Others say, “My sibling was admitted to the ER last night.”

Some even say, “I got into a car accident on the way to campus.” 

These kinds of excuses are hard to argue with and sometimes completely true. Professors, however, admit they can spot when a student stretches a story just a little too far. 

A UH professor recalled their own bizarre excuse slip-up from their graduate school days. They emailed the same professor about the death of their grandmother twice in one semester.

Chronic procrastinators believe they’ve cracked the excuse code for digital submissions, though.

“I accidentally submitted the wrong file,” they say, when in reality they just submitted a blank document named Final_Essay_REAL(2).docx. This trick has saved more students than imagined. 

Unbelievable and Bizarre Excuses

It is oddly impressive how quickly college students can turn a moment of panic into a full-blown creative exercise. It is even more oddly impressive when the excuses are unbelievable and bizarre, but also true.

The following are a mix of UH and non-UH student excuse stories.

“I was late once because someone threw my bike into a tree,” one student said. “Someone must have tried to steal it, got frustrated when it wouldn’t ride, and just launched it into a tree.” 

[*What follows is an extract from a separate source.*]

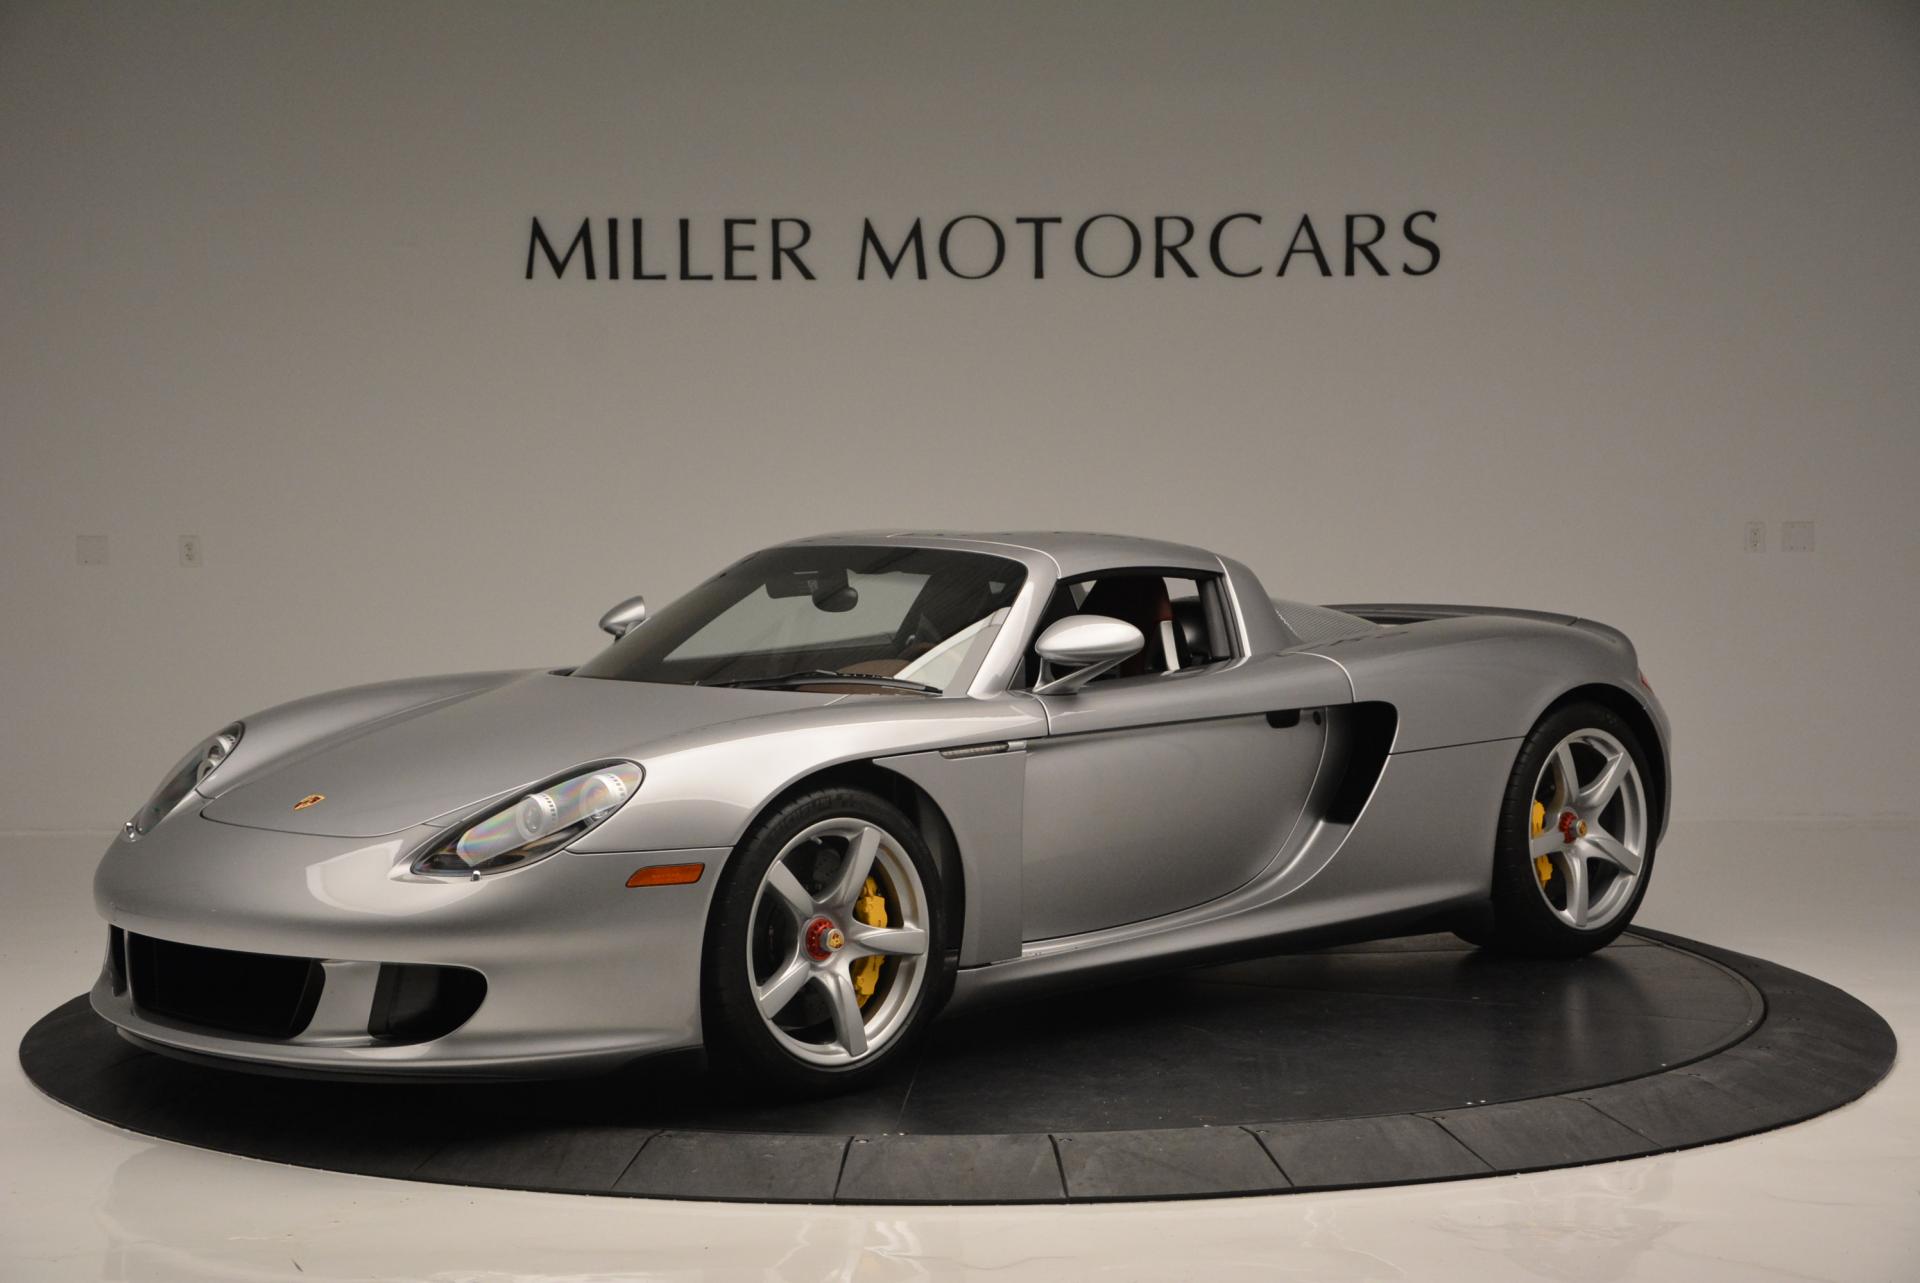 Used 2005 Porsche Carrera GT for sale Sold at Pagani of Greenwich in Greenwich CT 06830 1

As crazy as it sounded, the student had a photo of their bike dangling from the branches to prove it.

Another student recalled missing an in-class assignment because one of the legendary campus squirrels had bitten them. 

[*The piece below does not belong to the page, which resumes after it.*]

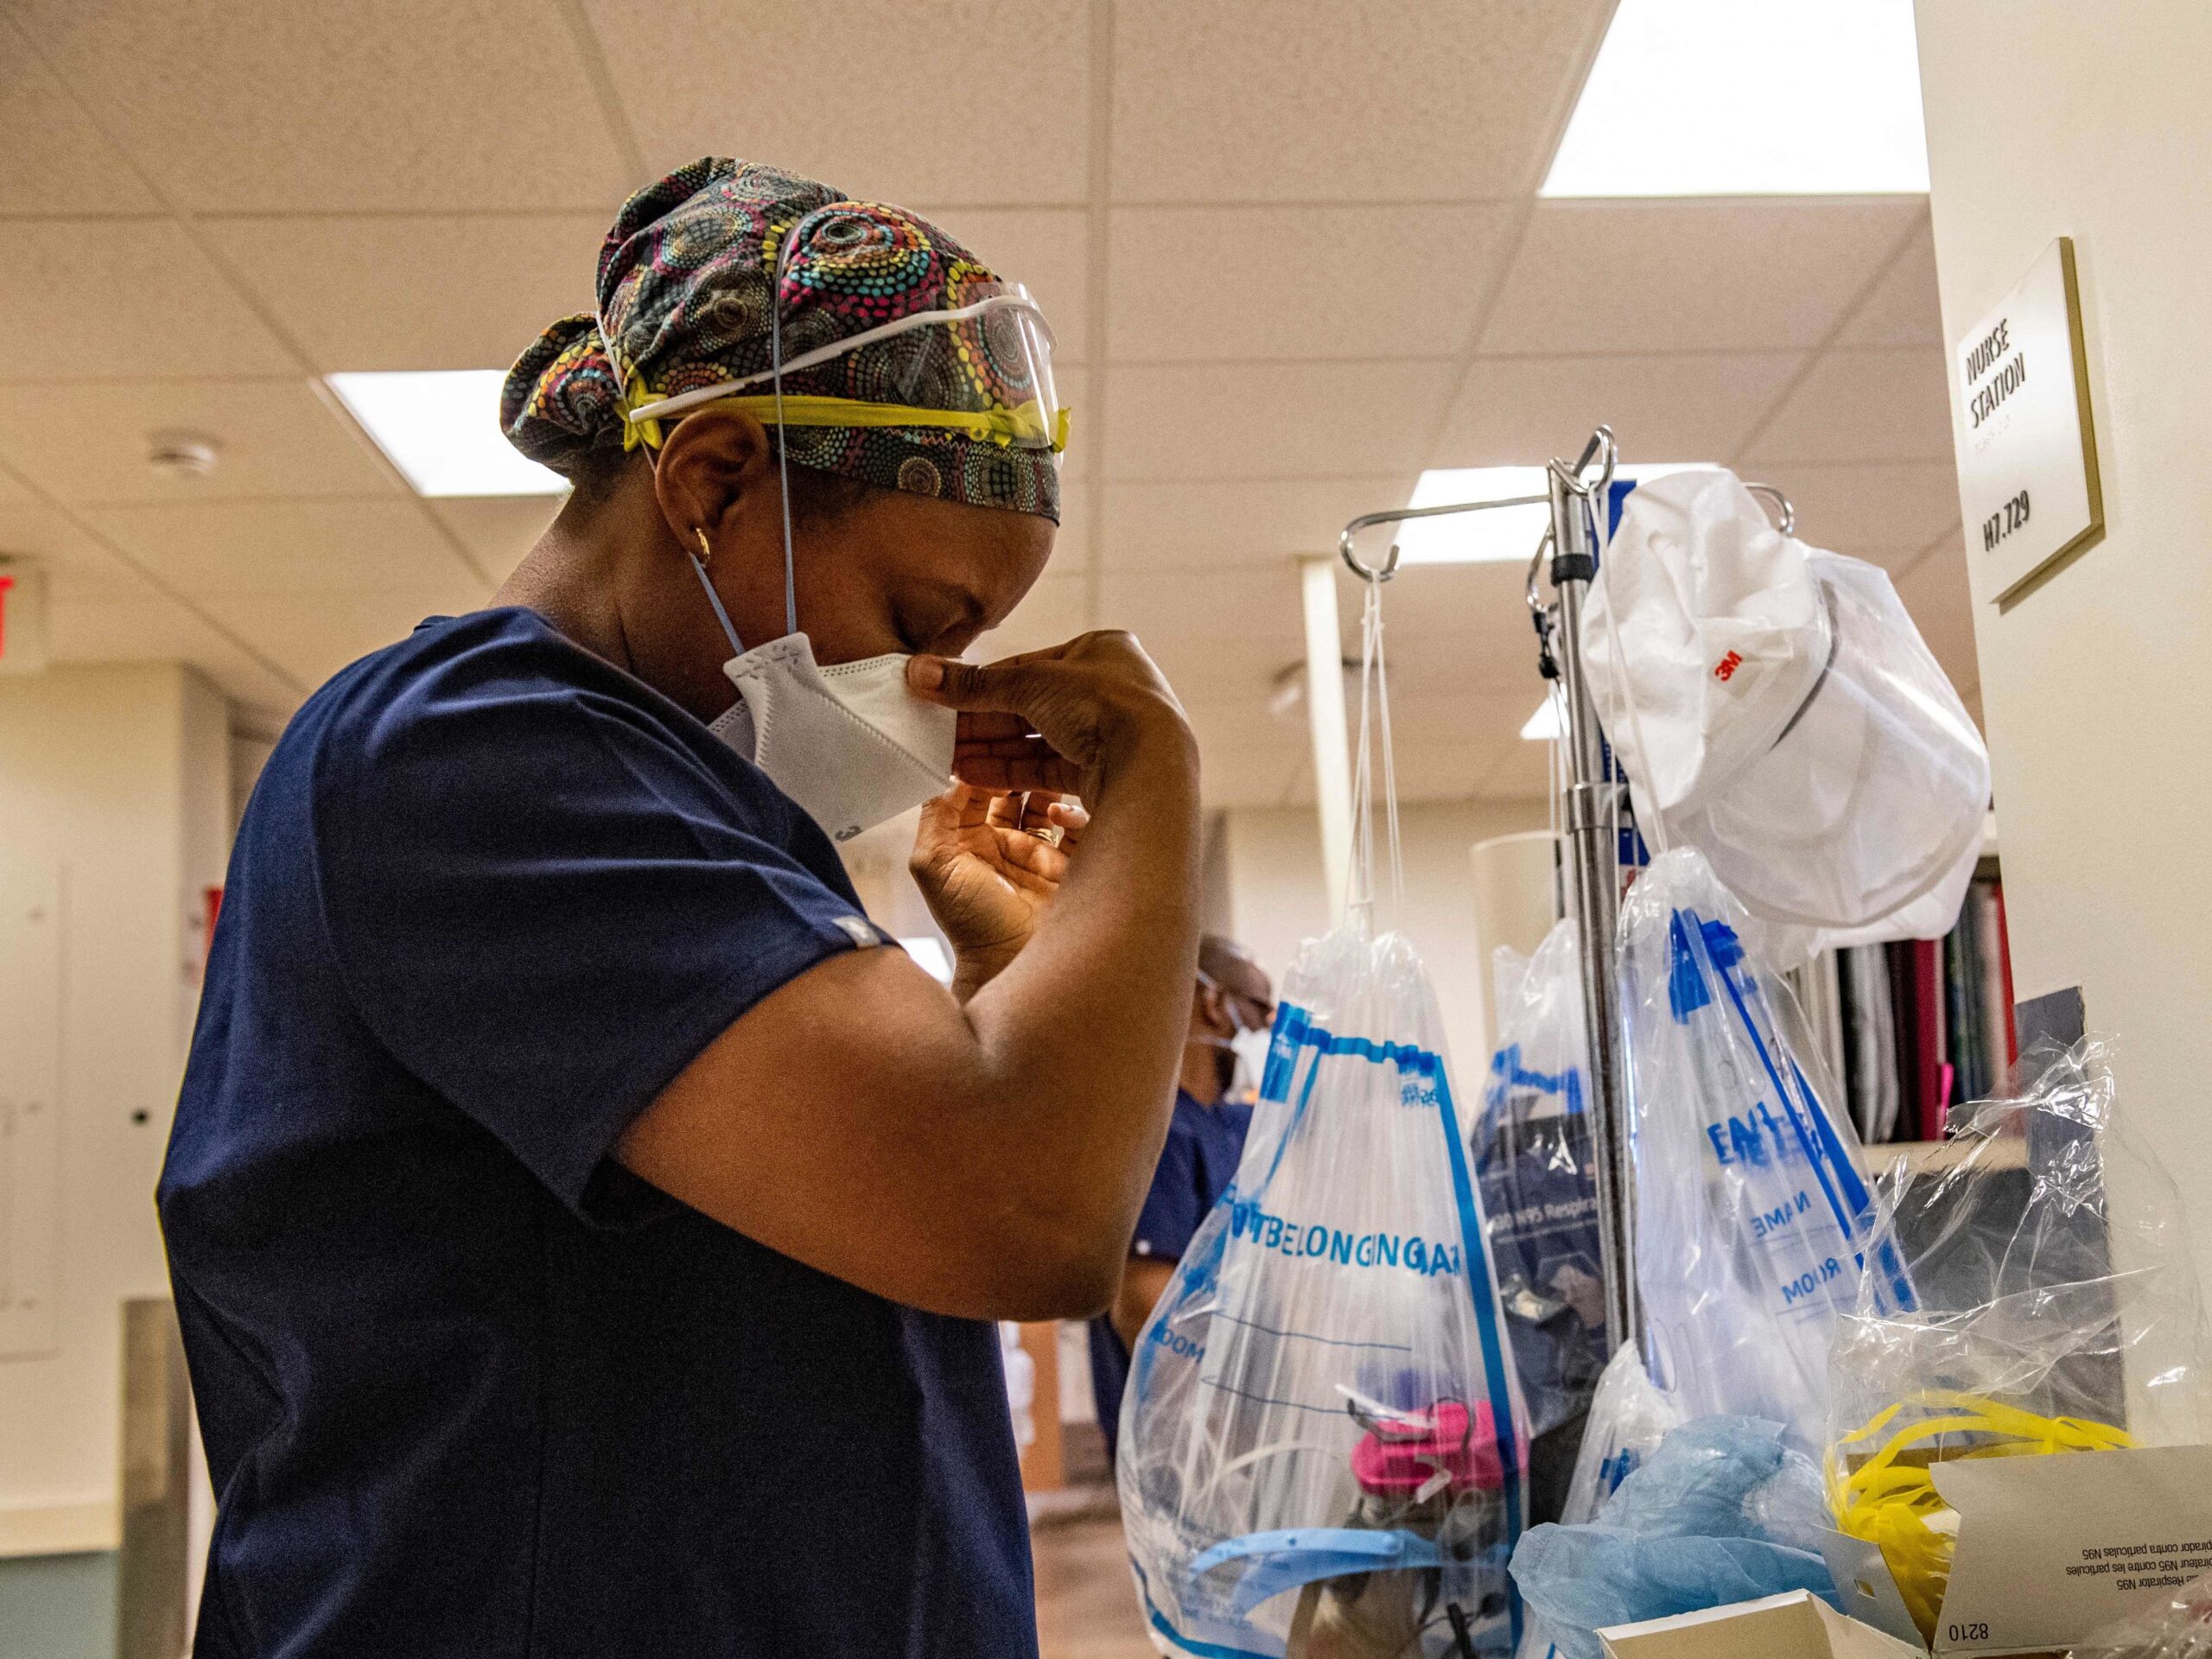 A health care worker fixes her mask.

“I was trying to feed one of the squirrels, and the squirrel bit part of my finger with the granola bar,” they said.

Then, there’s the student who walked in more than 20 minutes late holding a Starbucks cup in one hand and a bag of pastries in the other. 

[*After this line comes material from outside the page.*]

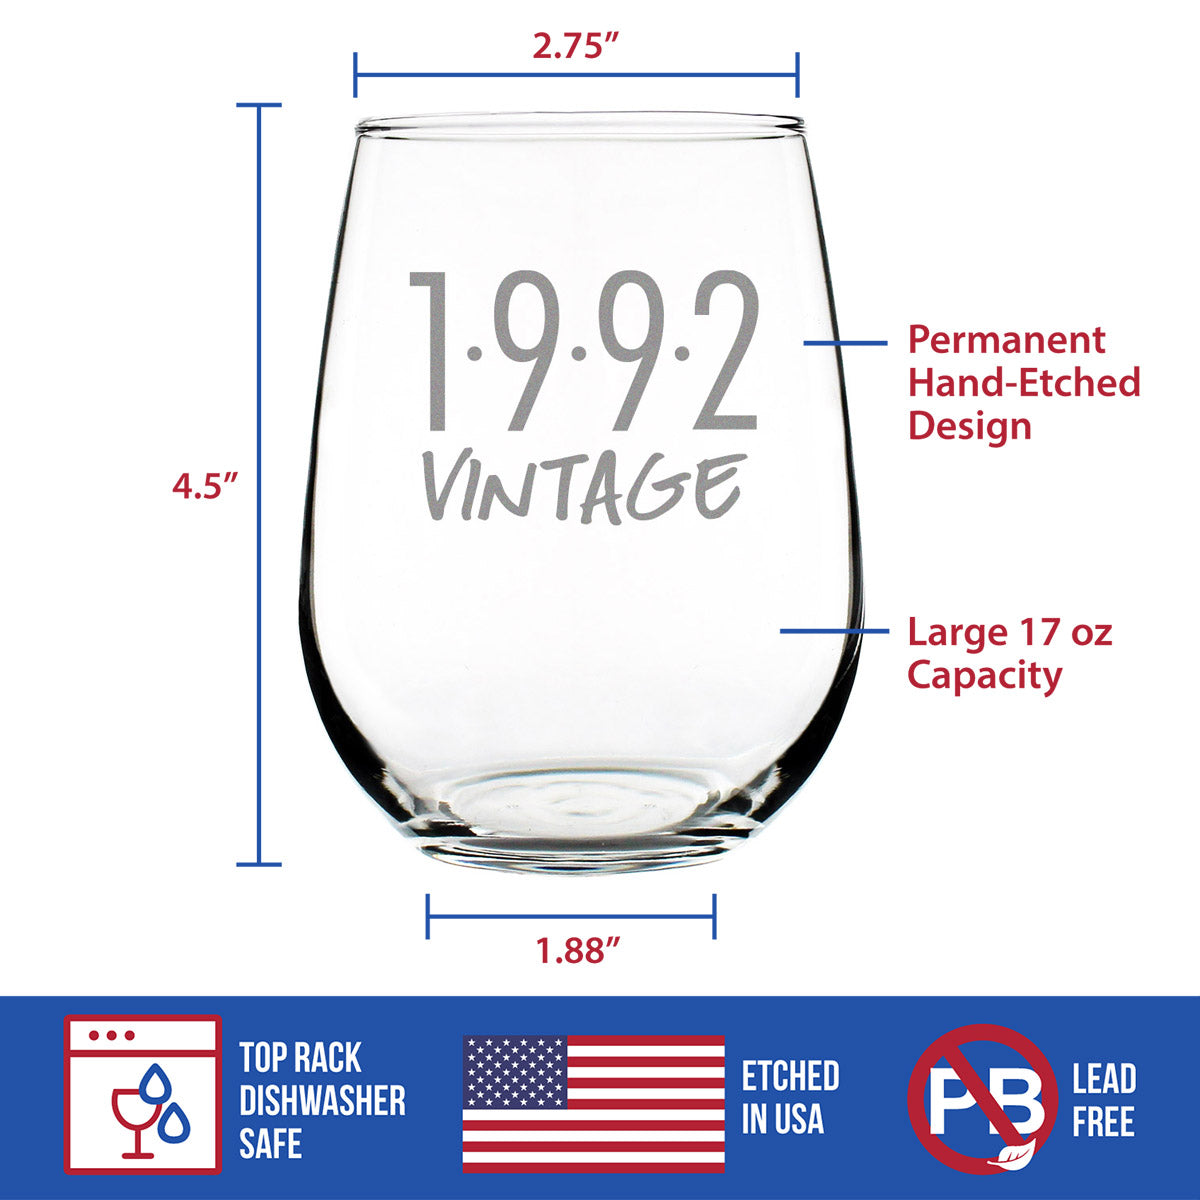 Vintage 1992 - 32nd Birthday Stemless Wine Glass Gifts for Women &amp; Men Turning 32 - Bday Party Decor - Large Glasses

“Sorry for being late, Professor. The bus broke down on the way here,” they said. The croissant crumbs, however, were telling a slightly different story. 

And just when you think you’ve heard it all, one student sent what might be the most relatable—and unintentionally hilarious—excuse email. 

“Hi Professor! This might be the weirdest email you’ve gotten, but I have a dumb excuse for not being in class right now,” they said, starting off the email with accountability.

“I’ve been walking around looking for the classroom for 30 minutes, and I can’t seem to find it. My feet r literally hurting as I write this email to you,” they added. “I don’t know where the classroom is, and I think it is because of all the construction going on.”

Anyone who has spent 30 minutes wandering around campus unable to find a classroom, largely thanks to the continuous construction on UH’s campus, may relate to the validity of this email.

The email ended, “If I don’t make it to class, it’s because I couldn’t find it. I am so sorry for bothering you with this weird email. I shall go continue trying to find the class.”

The email was a chaotic combination of honesty, exhaustion and panic punctuated with spelling and capitalization errors here and there. 

As with this case, sometimes the truth itself can be completely valid. You don’t need a fake hospital visit or a tech failure.